Jack Doyle, trainer of the junior team that took bronze medals at the European championships in Lisbon last month, was back in the saddle to ride Rachel Counihan's Little Rock Amber to win the first of the four-year-old jumping classes in the Simmonscourt arena yesterday.

The chestnut Errigal Flight gelding which was highly rated by the three foreign judges - Umberto Lupinetti (Italy), Jean-Paul Musette (Belgium) and Paul Kogg (Switzerland) - came back into work only recently after a spell at grass, but was rated by his rider as being brave enough to take on the RDS challenge without too much preparation.

Both Ramiro B, owned and ridden by Maurice Cousins, and Ricardo Z, the mount of Francis Connors, finished on 80.66 when the three judges' marks were averaged, with the blue ribbon going to Ramiro B in the final analysis. Maeve O'Neill's home-bred Lismore Clover, a finalist in the four-year-old championship at the recent Millstreet international meeting, filled fourth position.

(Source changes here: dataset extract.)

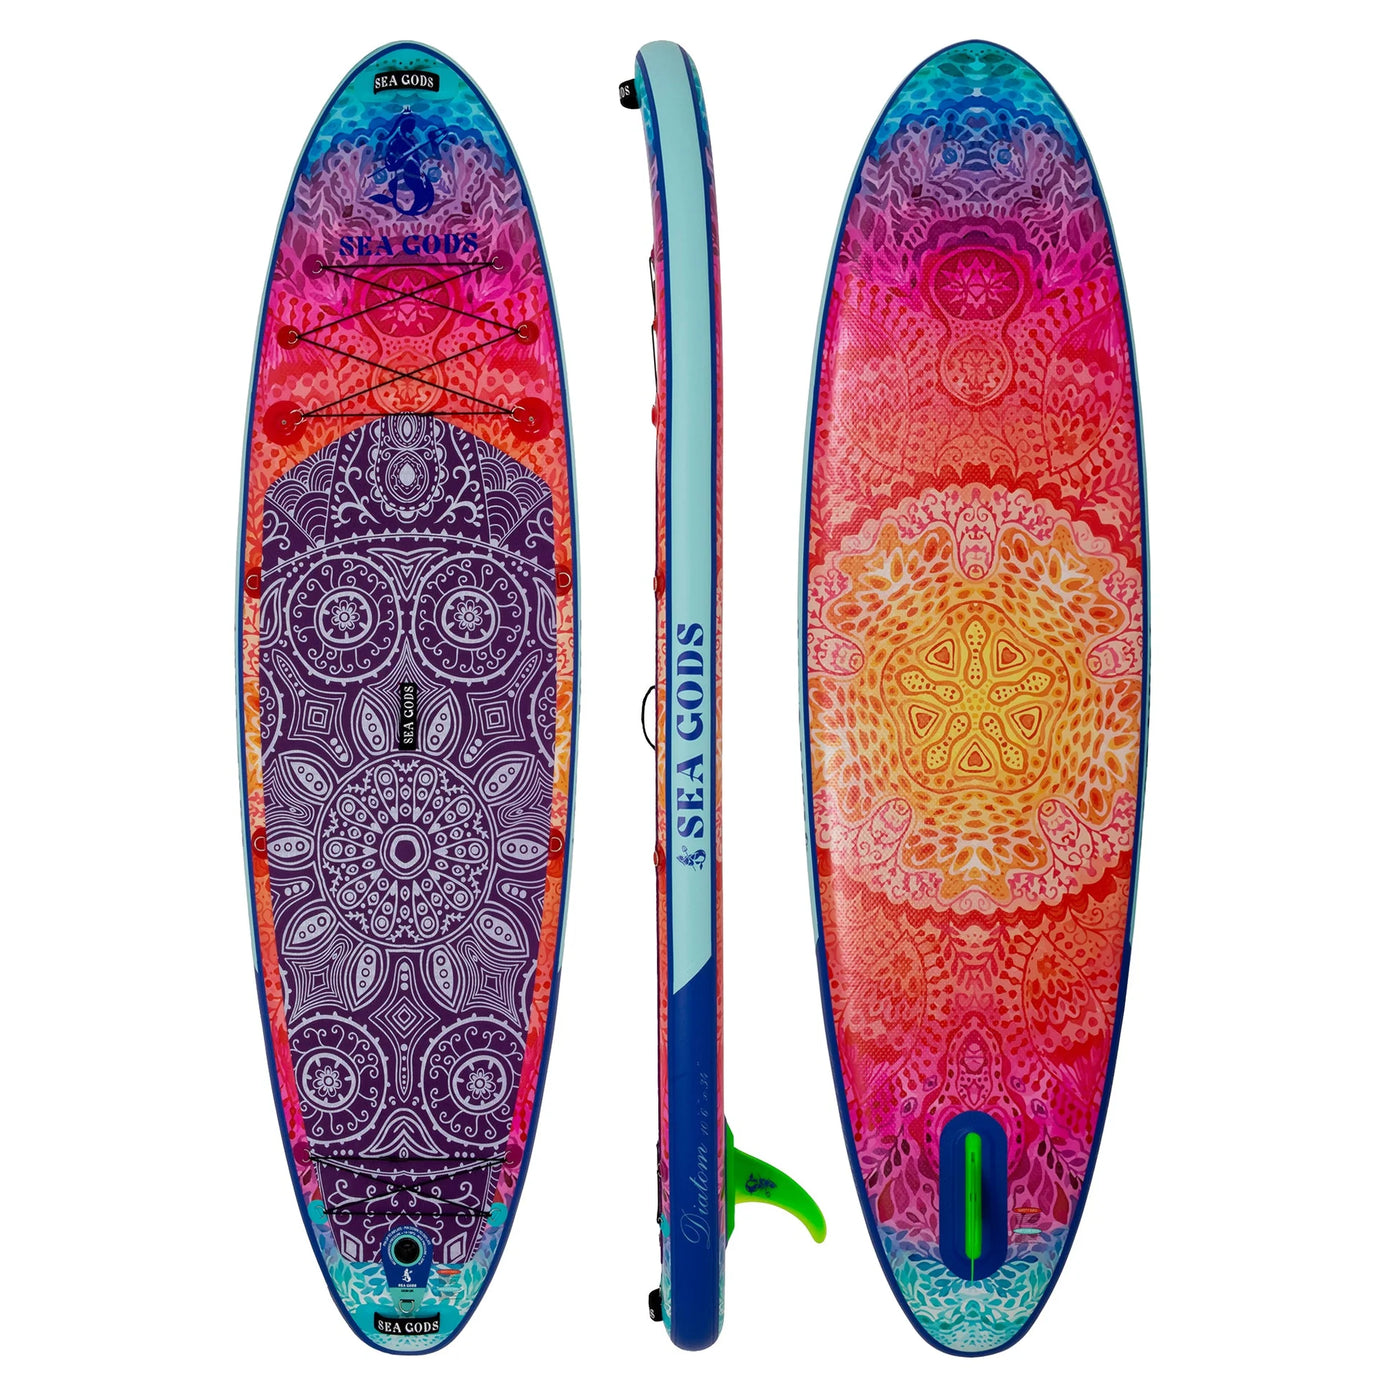 Diatom 10'6" - Inflatable Stand Up Paddleboard Package

In the Ann Smurfit Bloodstock 128cms class yesterday morning Lisburn's Karin Anne McCoubrey carried off a rare RDS double when winning with Show Me Heaven and taking second place with Well Dun in a 12-pony jump-off.

Jo Anne Waterson maintained the Northern Ireland exhibitors' strike rate when winning the 138cms division with A Step In Time, while Sara Kate Quinlivan brought Cork into the reckoning when heading the 148cms class with Clover Riot.